What you need to do: Scan the records beneath this line for the line holding "Христианская газета (газета)." and the line holding "Ngũ cốc ăn kiêng 500g - Sing Việt", then transcribe exactly those two and all lines between.

Provided records:
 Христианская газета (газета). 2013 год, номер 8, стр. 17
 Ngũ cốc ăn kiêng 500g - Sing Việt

* * *

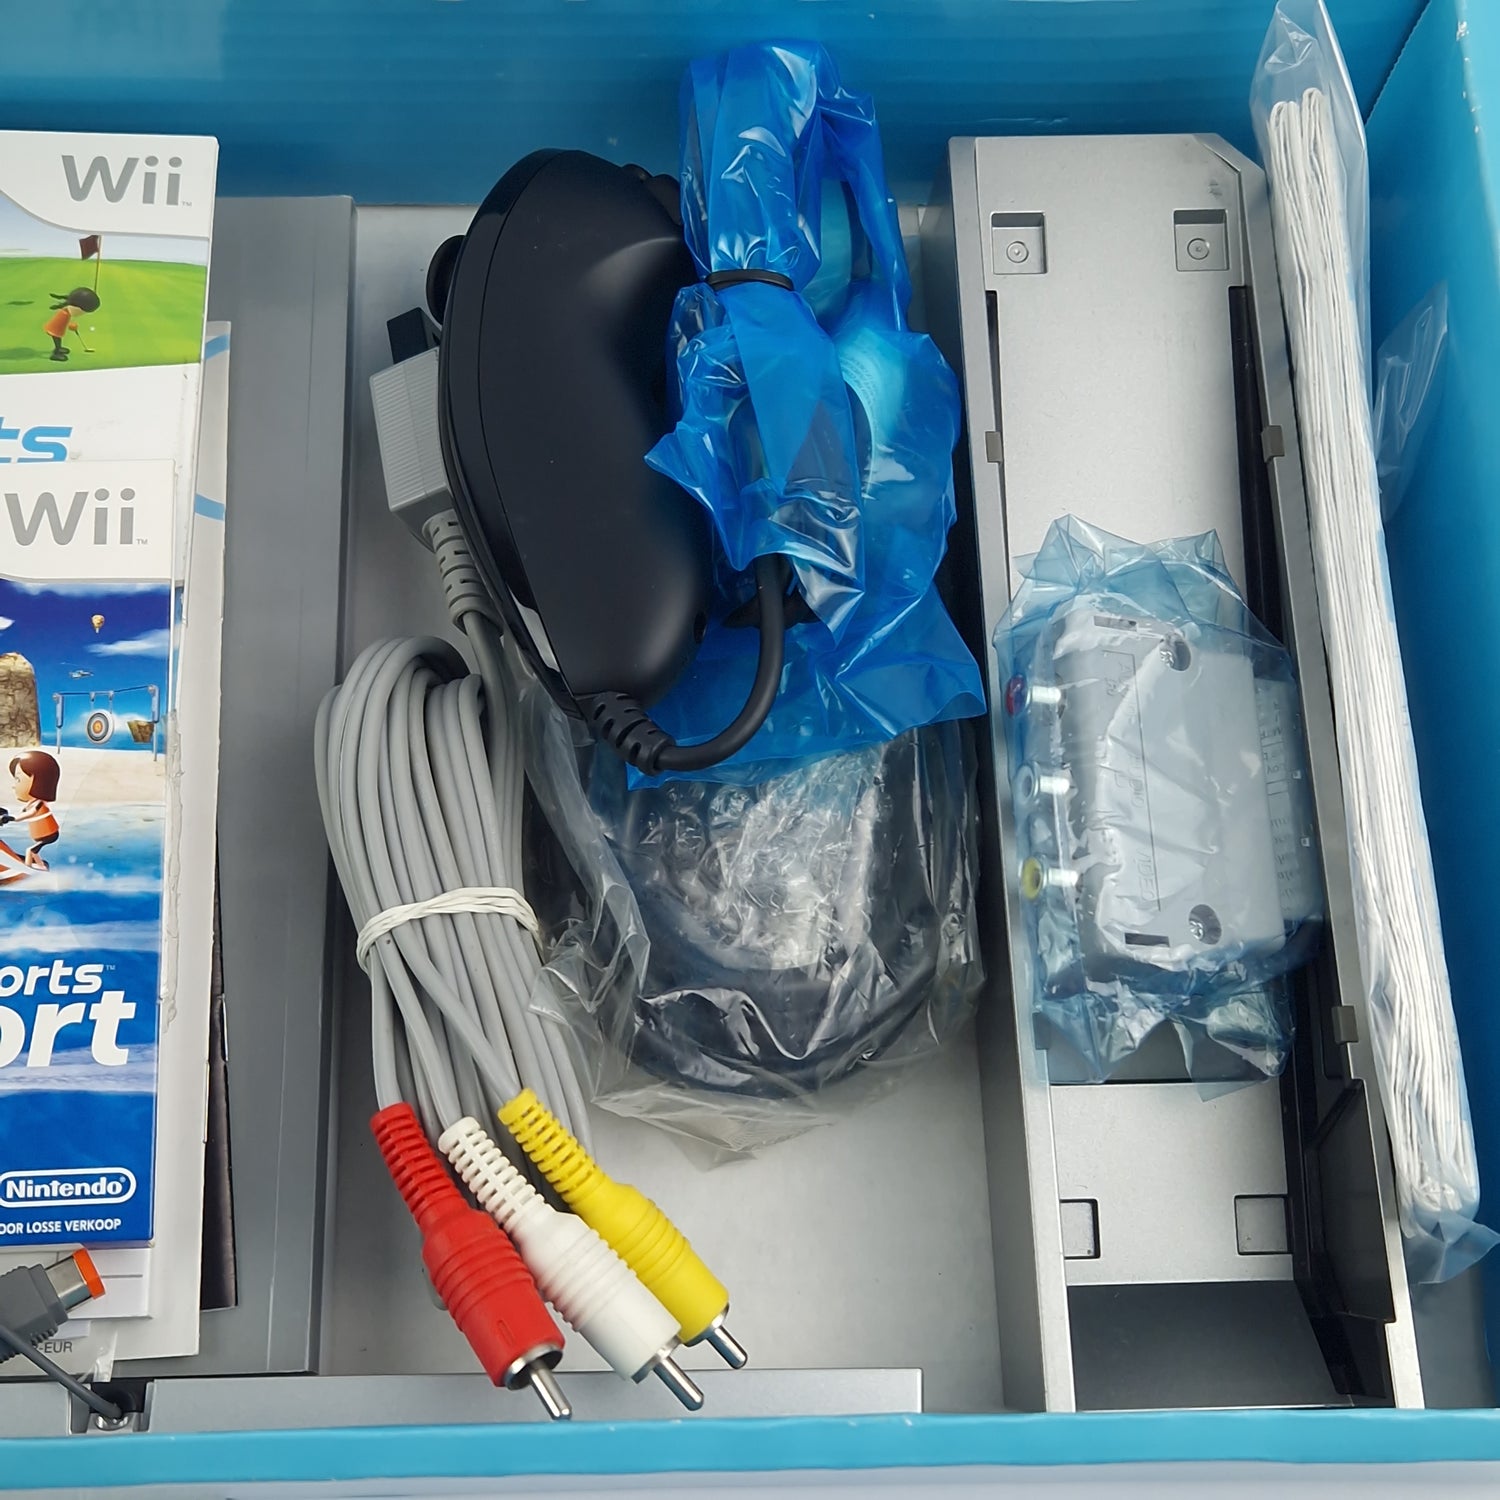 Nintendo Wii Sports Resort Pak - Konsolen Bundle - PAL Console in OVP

Result of this task:
 Христианская газета (газета). 2013 год, номер 8, стр. 17
 Ngũ cốc ăn kiêng 500g - Sing Việt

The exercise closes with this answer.